Turning the Corner to Where?

Lately I have been hearing a more positive message from executives in their communications to their employees, the business press, and business analysts. Whether the message is the familiar “we’ve turned the corner” or the milder “the worst is behind us,” the intent is to signal that a better tomorrow looms. But does it? And what does it look like?

The question I have been asking my clients now is whether the strategies they put in place to deal with the economic downturn have made their organizations more capable of producing excellence as they move forward? Most respond that the emphasis on lean structure and cost control were necessary adjustments that made their companies “more fit” for the future. Certainly the cost reductions have had a positive impact on margins, but I wonder how long this can be sustained?
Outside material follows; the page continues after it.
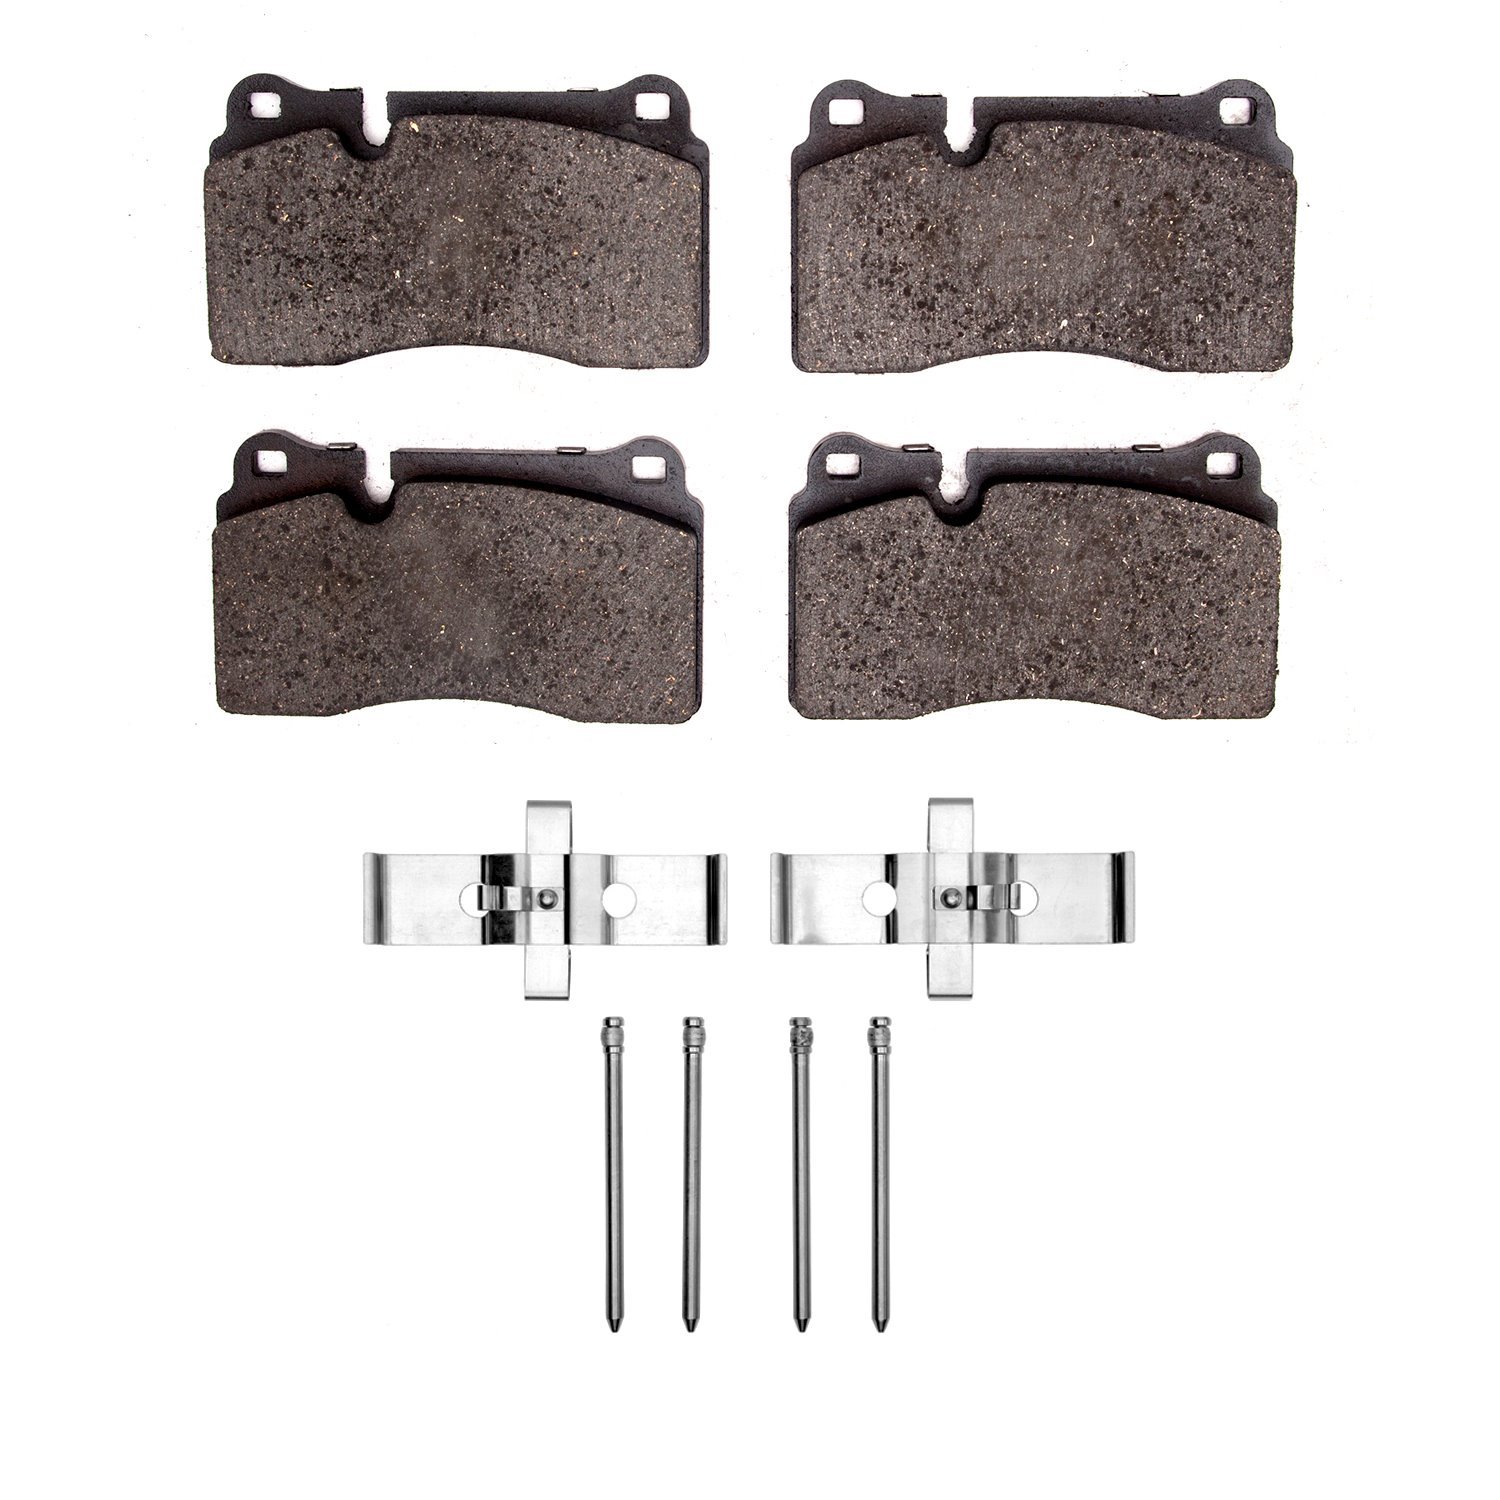 Euro Ceramic Brake Pads & Hardware Kit, 2006-2019 Fits Multiple Makes/Models, Position: Front & Rear

I suggest that there are a number of areas ripe for scrutiny to determine if they will, in fact, lead the business to a better place once that corner has been turned.

First, the increased scrutiny on spending may have some unintended, and unmeasured, consequences. I wonder about the speed of execution when new checkpoints are added into a process. New layers of managerial waste and delays may eat up the apparent savings in cost reduction in time to market. Also, it may be sending a message to the management that executive leadership has little confidence in their business savvy, undermining their potential contributions. It may be time to loosen up the controls a bit.

Second, I have seen some pretty good talent leave organizations because the new, leaner management structure doesn’t seem to have the upward mobility they want. A more fluid project approach to work might be the ticket here. Top talent demands work that matters!

Third, oddly enough, executives may have to prove their competence to the workforce—who paid some prices in the downturn. Many executives have been using the “economy” as the reason for poor performance, but my coffee chats with their employees lead me to believe that the rank and file aren’t totally buying that. It is important that the road forward is seen as doable by the employees in an organization, and that these workers believe that the current executive team can lead them to success.

And last, I might suggest that it is a good time to focus a little less energy on Wall Street analysts, and a little more on employees and customers. I continue to marvel at how much executive time is focused on pleasing the analysts. Yes, they need attention paid to them, but long-term success is more dependent upon employee and customer satisfaction. And that means switching the focus to them.

Mike Neiss posted this on July 7, 2009, in Talent.